天才ドクターは懐妊花嫁を滴る溺愛で抱き囲う

「な、なんですか?」
「いや……本当に変な奴だと思っただけだ」

彗の声が上ずって聞こえる。

しかし再び彼を見上げた時には、羽海に向けられた瞳に先程までの熱はなく、呆れたように苦笑している。

頬が焼けるほどの温度を感じたのは気の所為だったらしい。羽海はホッと胸を撫で下ろした。

「もう。あんまり人を変人扱いすると、明日の夕食はかぼちゃ尽くしにしますから」

一昨日、食器を下げたシンクの横に、かぼちゃの煮物だけが手つかずで残っていた。きっと嫌いなのだろう。
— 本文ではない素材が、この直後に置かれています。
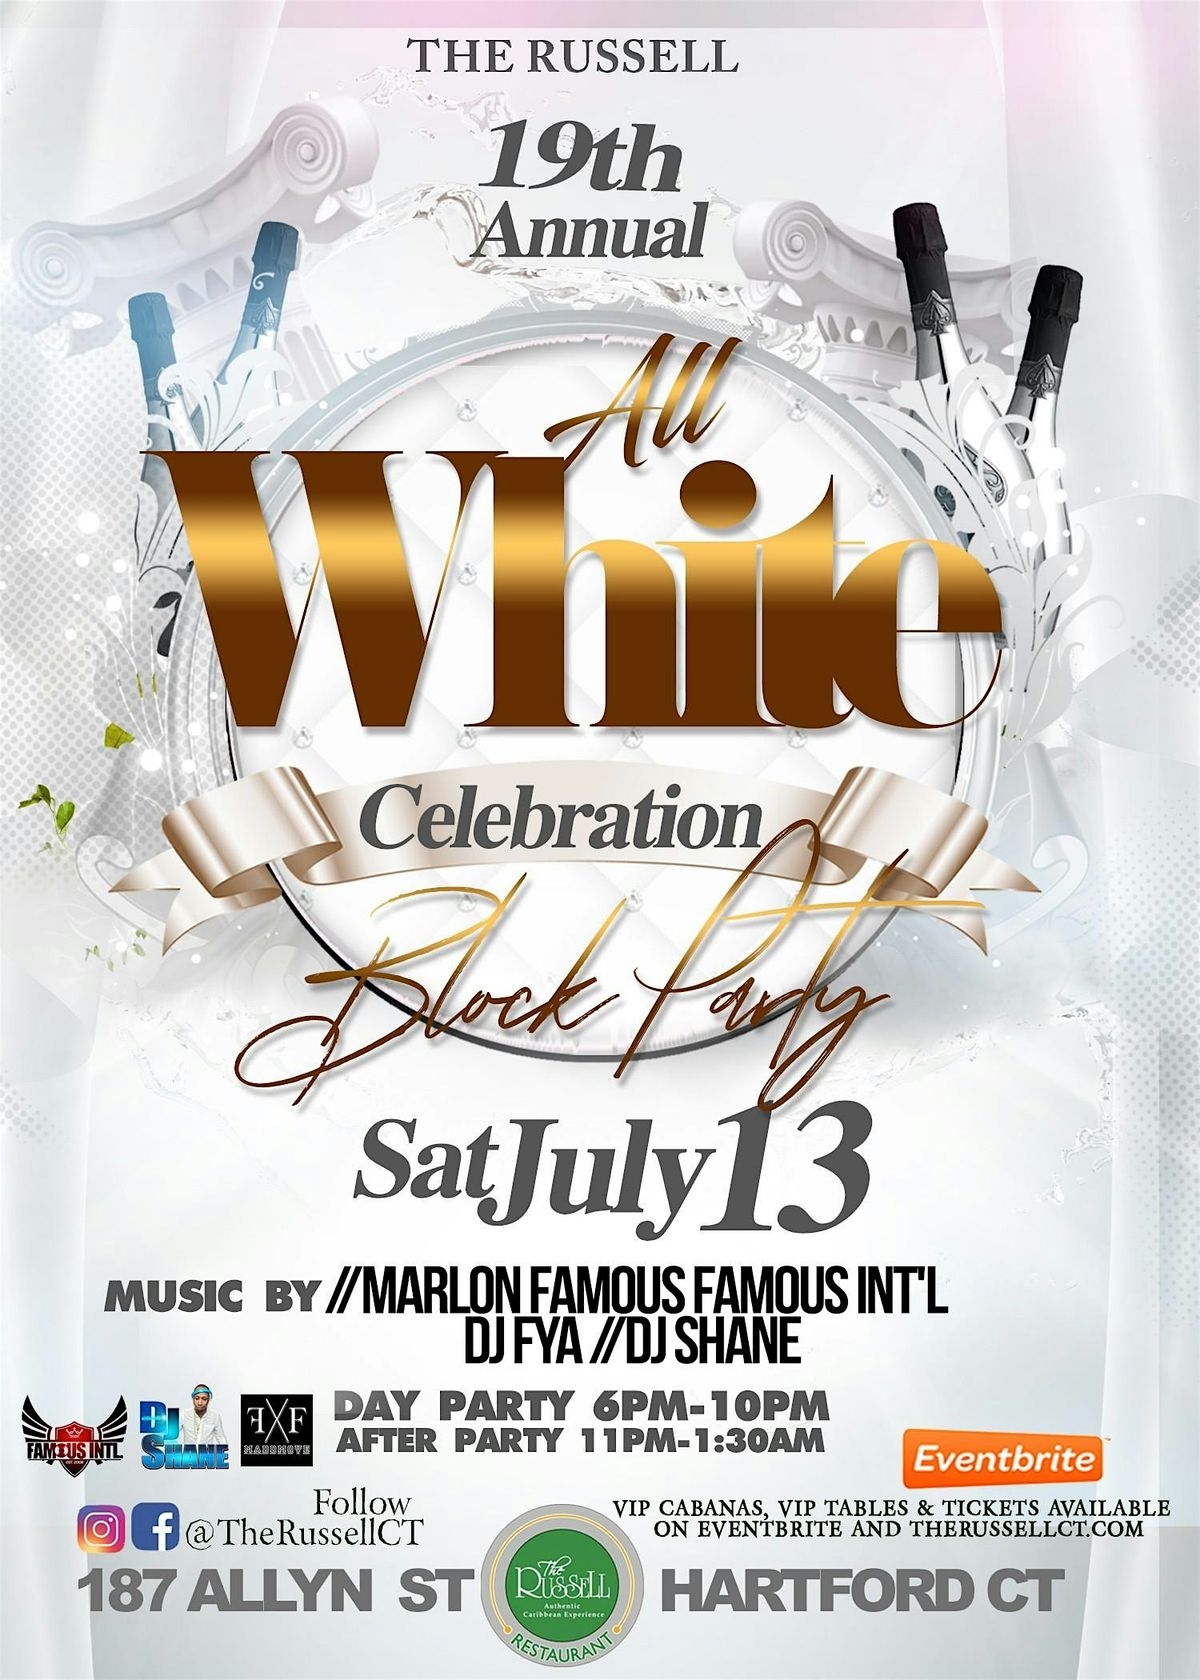 The Russell 19th All White Celebration Block Party

同居してすぐの頃、アレルギーや苦手なものを聞いた時には、特にないが和食が好きだと答えていたはずなのに。

(かぼちゃが苦手って言うの、恥ずかしかったのかな)

普段はなにを考えているのか読めない彗だが、あまりのわかりやすさに翌日の朝は笑いを堪えるのが大変だった。

大病院の後継者である彗に気安い態度で接してしまったが、そこについて不満はないらしい。

「かぼちゃはこれから先、死ぬまで食わないと決めている」

不貞腐れた子供のような顔で話す彗を見て、羽海はこの部屋に来て初めて声を上げて笑った。